Atramentowy
Joined: 29 Apr 2004 Posts: 37 Location: Wonderland
|
Posted: 18-09-2004, 21:38 Post subject: Apocalyptica - 02.09.2004 - Antwerpia, Belgia |
|
|
W czwartkowy, jak dobrze pamiętam, wieczorek wybrało się stado polskich emigrantów na koncercik, obecnie jak wiadomo już tylko trzech wiolonczelistów i perkusisty.
W sali zwanej przez tubylców Hof Ter Lo, zaś przez nas tanzbuda :), panowała miła atmosferka. Tanzbuda przypominała mniej więcej wnętrze byłego kina Relax (kto nie jest z czewy, ten nie zakuma i tak), czym zresztą musiała byc, kinem lub małym teatrzykiem. Nie można rzec aby ludzie walili drzwimi i oknami, weźmy jednak pod uwage że taki koncercik dla Belgów to nie masowa migracja i święto dla ucha, na które mozna sobie od czasu do czasu pozwolić, tylko fraszka, poza tym cena biletów paradoksalnie smieszne jak na tamte warunki (21,50 ergo, tfu! euro). [grrrrr - dop. Ergo]
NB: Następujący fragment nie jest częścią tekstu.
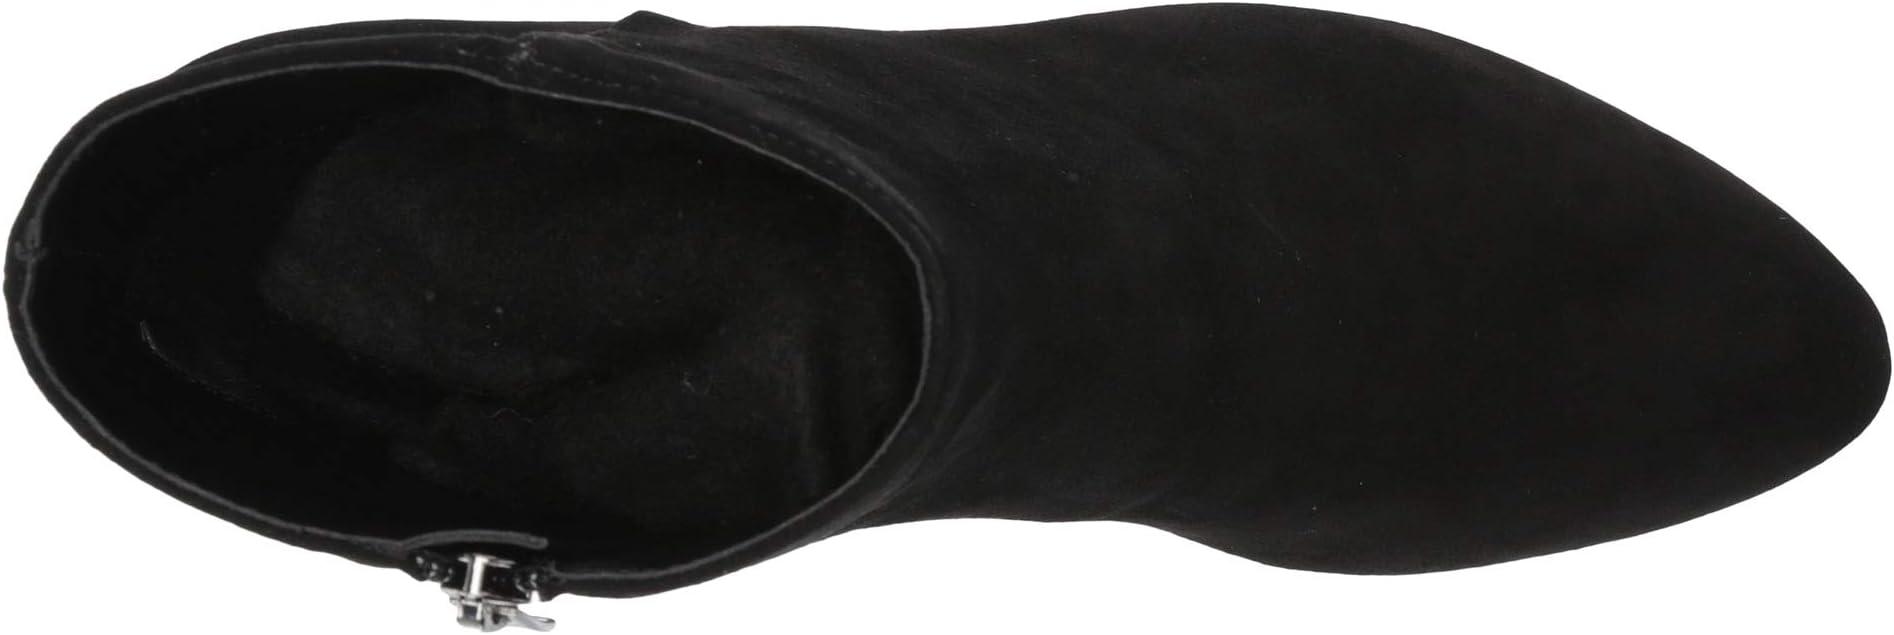 Nine West Trin Bootie | Women's shoes | 2020 Newest

Na szczęscie dla mnie i moich przyjaciół w niedoli, koncert się opóźnił prawie ponad godzinę. Tak więc spóźnieni, wpadliśmy idealnie na samo rozpoczęcie. No cóż, jeśli ktokolwiek widział chociażby w tv wystepy chłopaków w czwórke, miałby mały niedosyt oglądając trójce z perkusją. Nie mogę się przyczepić, koncert był naprawde udany, jednak brakowało tej czwartej wioloncielki :/
Z drugiej strony, gdyby nie ta perkusja, eh chyba nie byłby to udany występ. tak czy siak, nie ma co się rozwlekac nad drobnostkami, chłopaki pokazali na co ich stać. Energia rozpierała całą ekipe i trzeba przyznać że poszaleli zdrowo.
Path, Torreador, kilka innych kawałków, po prostu zmiażdżyło moje serduszko parchate. Zaczęło się w miare spokojnie, zmierzało ku kataklizmowi. Jeźdzcy Apokalipsy przeczesali dośc dokładnie repertuarek Metallicy z pierwszej płytki, tłumacząc się gęsto iż to pierwszy raz gdy grają je tylko w trzy wioloncielki. Później jednak zrezygnowali z tłumaczeń i rozpoczęli muzyczną inwazje na serca i aparaty słuchowe tłumu. Z każdym kawałkiem coraz bardziej rozszalali, skakali po scenie, wyprawiali cuda na instrumentach, łacznie z świńskimi pokwikiwaniami itd.
Naprawdę, to były może jednak małe, ale zawsze miłe smaczki. Ile to trwało? Nie pamiętam, wychodziłem ogłupiony z lekka (dodajmy że po całym tygodniu pracy w słońcu, coś takiego robi wrażenie dość duże), zachwycony i pełen ochoty na następny koncercik chłopaków
. Wspomnieć warto, jak bardzo kapela była zadowolona ze swojego występu, jak bardzo ludzie się bawili, zresztą sprawa dla nas nieco dziwna, na koncercie było sporo osób powyżej czterdziestki. Nie mówie o jakichś zatwardziałych klimaciarzach. Po prostu zwykli ludzie, kilku "żelowych chłopców" z włoskami do góry, jakieś landrynkowe panny i cóż z tego?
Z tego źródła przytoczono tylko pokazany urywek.